# radar speed signs



## sobeit (Nov 11, 2007)

passed on of those speed signs today in a construction zone. it showed me doing 41 mph, my speedometer say 45. Now I wonder which was wrong. Maybe that is why I am getting passed all the time.:grin:


----------



## Confounded Also (Aug 19, 2015)

I have an easy way I use to check mine.

On a flat, straight stretch of road that has posted mile markers:

> Set Cruise Control for 60MPH
> Watch Odometer; set Trip Odometer if equipped.
> Using stopwatch or clock, time as you pass each mile marker while noting the odometer.

Maintain for 5 miles or more.

The minutes should equal the miles nearly exactly. 10 miles traveled, 10 minutes. Odometer should match mile posts.

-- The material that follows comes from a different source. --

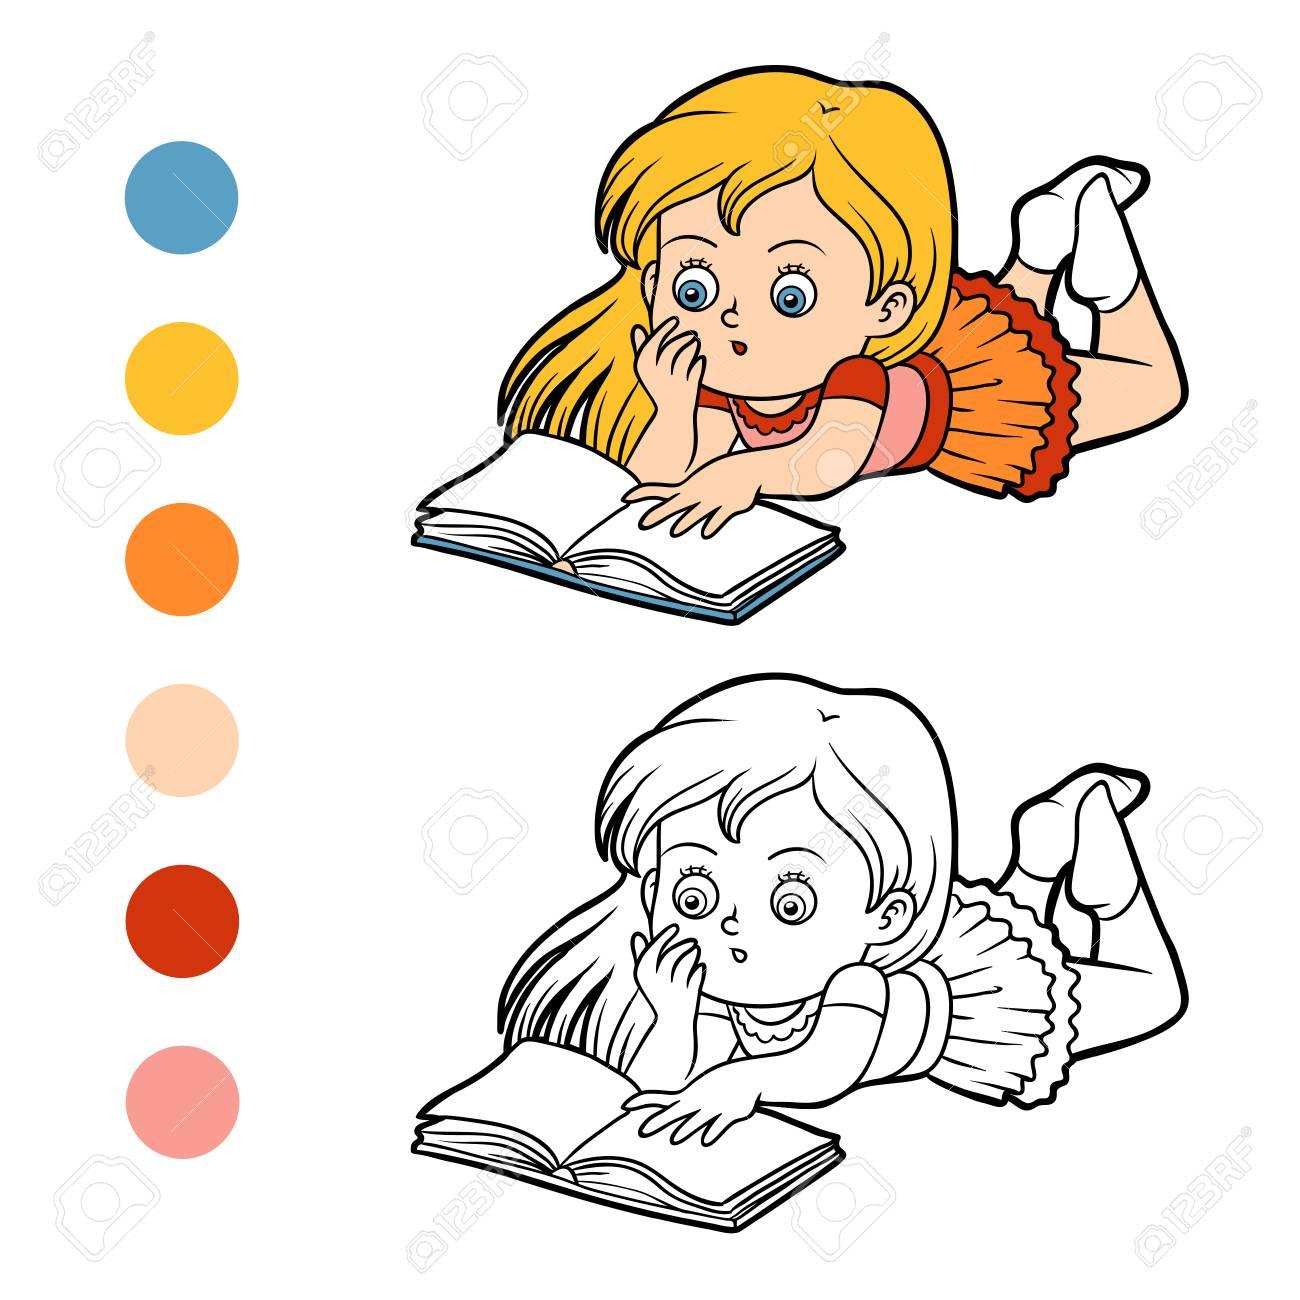 Libro Para Colorear Para Niños Niña Leyendo Un Libro Ilustraciones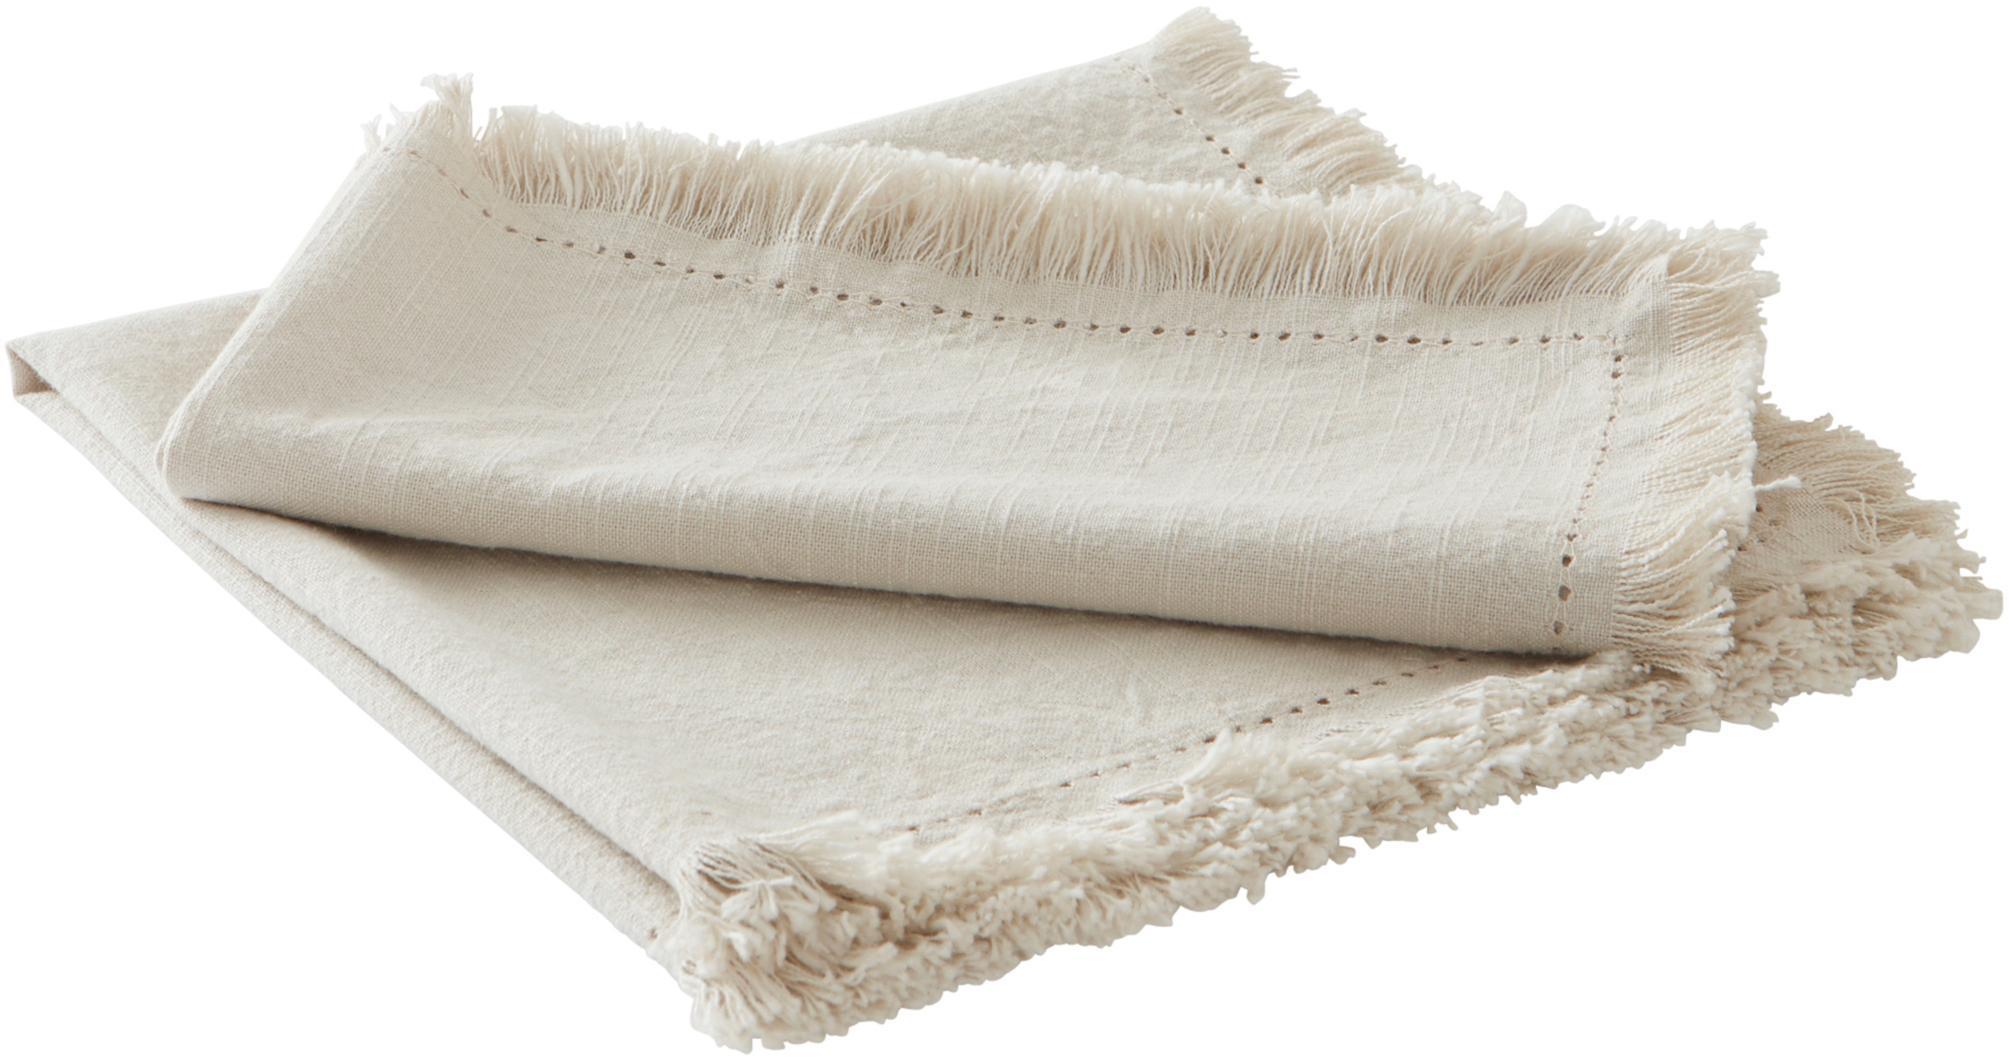 Baumwoll-Servietten Hilma mit Fransen, 2 Stück, 100% Baumwolle, Beige, 45 x 45 cm

It's not as good as a dynamometer, but it will give you a good idea if you need to have something checked by a mechanic.


----------



## Corday (Mar 3, 2010)

Above info is good. All speedos are a bit off + or -. Changing a gear ratio or tire diameter also requires recalibrating. In the U.S. (except VA), I consider a Radar Detector standard equipment.


----------



## Midnight Tech (Dec 31, 2001)

I use an app on my phone as my speedometer - mine read about 5 mph off at 65 when it worked.


----------